Frits mengakui, hampir setiap saat dilewati oleh warga yang berkebun di sekitar kawasan tersebut untuk mencari titik-titik air atau genangan air di kali dan menggunakannya secara bebas atau mandi, ini terlihat ada bekas bungkusan sabun di beberapa titik sepanjang kali tersebut.

Belum lagi, kata dia, kondisi kawasan hutan di sepanjang Kamp Wolker sampai Kojabu 2 dalam kondisi kritis karena ada pembukaan lahan secara liar oleh oknum warga untuk berkebun.

Lalu, pemantauan dua Intake air di Buper milik PDAM dimana Intake 1 dalam kondisi debit airnya menurun namun masih dalam batas normal, sedangkan Intake 2 debit airnya masih cukup.

"Kedua intake air tersebut tidak memiliki sistem pengamanan yang maksimal. Hampir setiap saat terutama hari Sabtu dan Minggu warga mendatangi dua intake di Buper untuk mandi dan mencuci," katanya.

Kemudian, pemantauan Intake PDAM di kawasan Ajen, menurut Frits, di lokasi ini, PDAM Jayapura memiliki lima intake air yakni Intake Polimak, Intake Kodam Lama atau Ampera, Intake Paulus Dok V, Intake eks Rumah Sakit Aryoko dan Intake Kota atau Bak Beton.

"Kelima intake air dalam kondisi debit airnya menurun drastis karena kemarau, tidak memiliki sistem pengamanan yang maksimal dan kawasan hutan dalam kondisi kritis dikarenkan adanya pembukaan lahan oleh warga untuk berkebun," katanya.

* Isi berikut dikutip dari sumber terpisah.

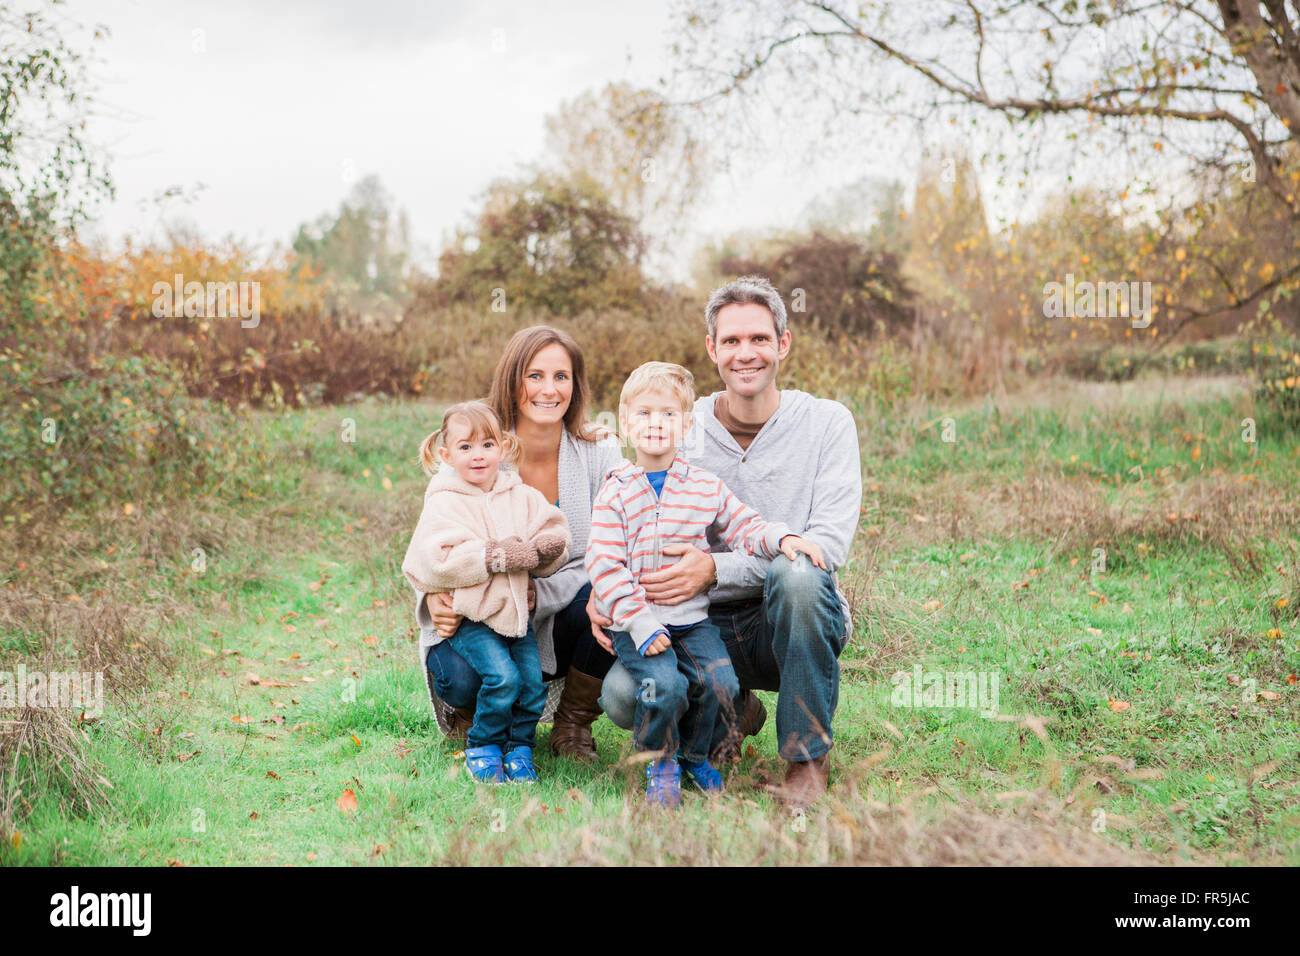 Portrait smiling family in rural park Stock Photo

Selanjutnya, pemantauan di Intake Kloofkam, dimana PDAM Jayapura memiliki satu intake dalam kondisi debit airnya menurun  masih dalam batas normal.

"Disini, selain PDAM Jayapura, ada dua intake ilegal di bawah penguasaan pengusaha dan beberapa warga. Intake milik PDAM tidak memiliki sistem pengamanan yang maksimal. PDAM juga pernah membangun satu intake khusus untuk disalurkan ke RSUD Dok II namun diblokade oleh pemilik hak ulayat, suku Haay dan Yoafifi," katanya.

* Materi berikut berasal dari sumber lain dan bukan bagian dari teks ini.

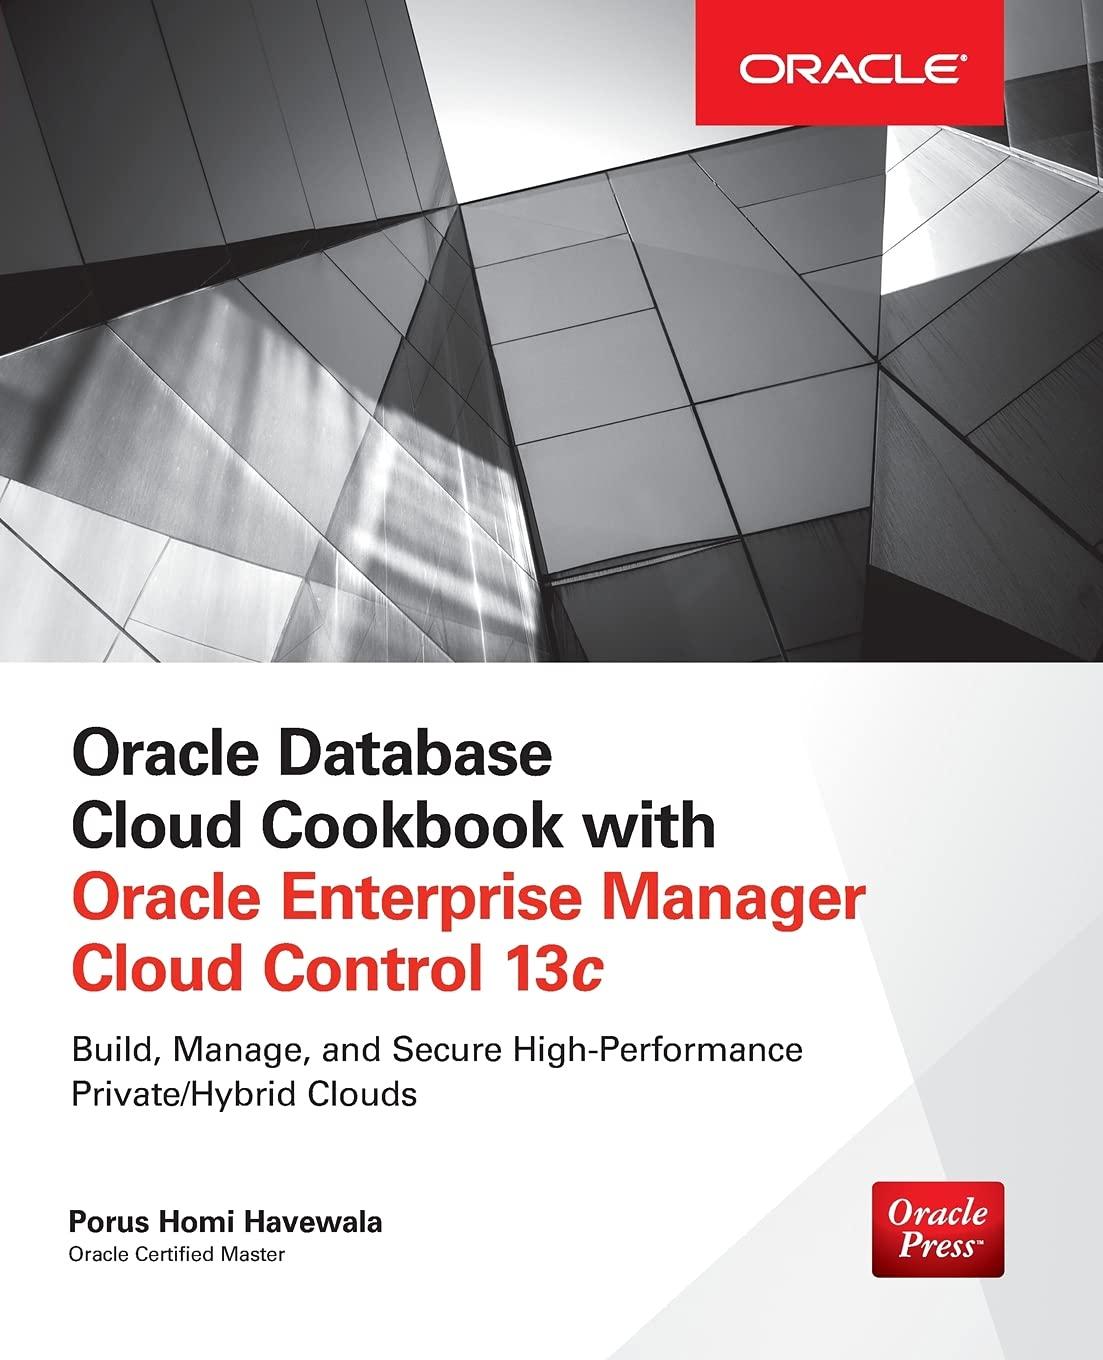 oracle database cloud cookbook with oracle enterprise manager 13c cloud control 1st edition porus homi

Menurut penjaga intake dan kawasan hutan di sepanjang Kali Kem, Sepi Karubaba, bahwa ada ancaman serius terhadap hutan karena ada pembukaan lahan oleh warga sekitar untuk berkebun.

Sedangkan, pemantauan di Intake Entrop, kata dia, ada dua sumber air di kawasan Entrop. PDAM Jayapura memiliki dua intake.

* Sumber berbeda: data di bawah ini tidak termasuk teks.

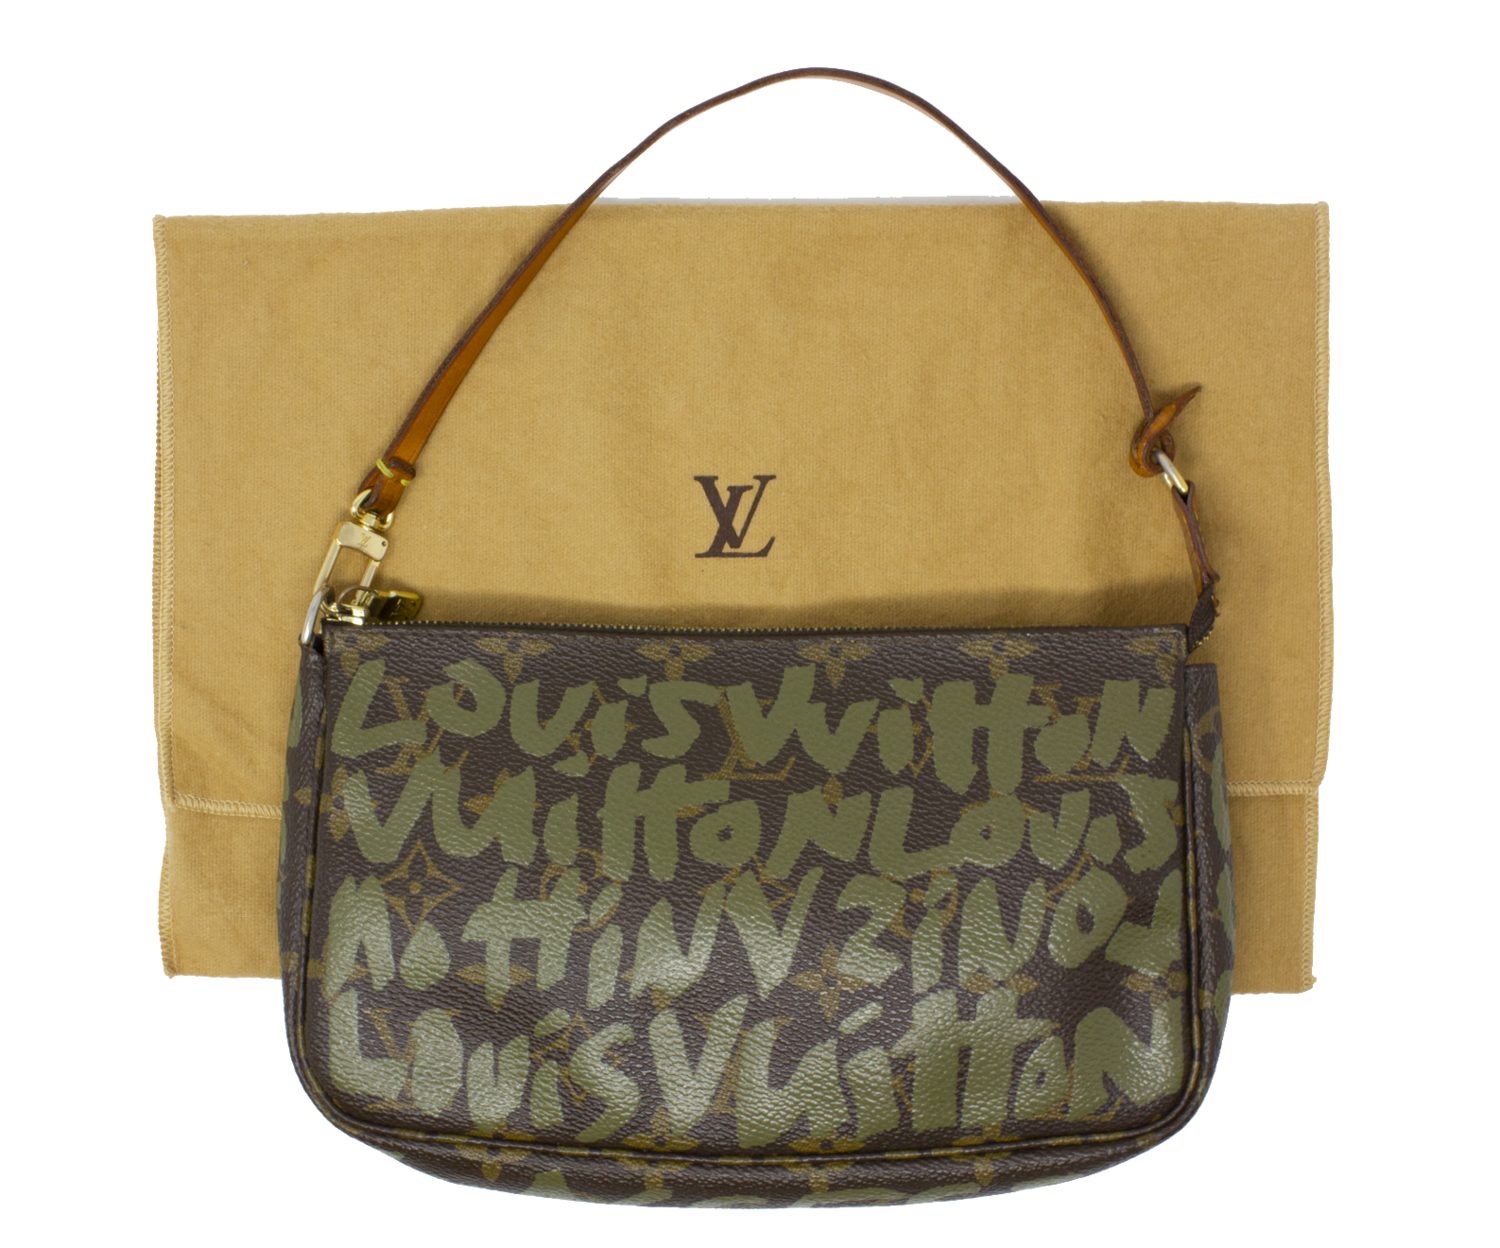 Louis Vuitton X Stephen Sprouse Graffiti Monogram Pochette - AGL1390

"Selain PDAM, ada dua intake lain di bawah penguasaan Tony Dawir dan Bintang Mas untuk tujuan komersil. Pada sumber air pertama, Intake milik PDAM letaknya berada di bawah intake Tony Dawir dan Bintang Mas. Aliran air diarahkan sepenuhnya pada intake Tony Dawir dan Bintang Mas," katanya.

Sehingga, lanjut dia, Intake milik PDAM Jayapura hanya menerima sisa air dari dua intake tersebut, yang berdampak pada debit air sangat kurang karena kemarau.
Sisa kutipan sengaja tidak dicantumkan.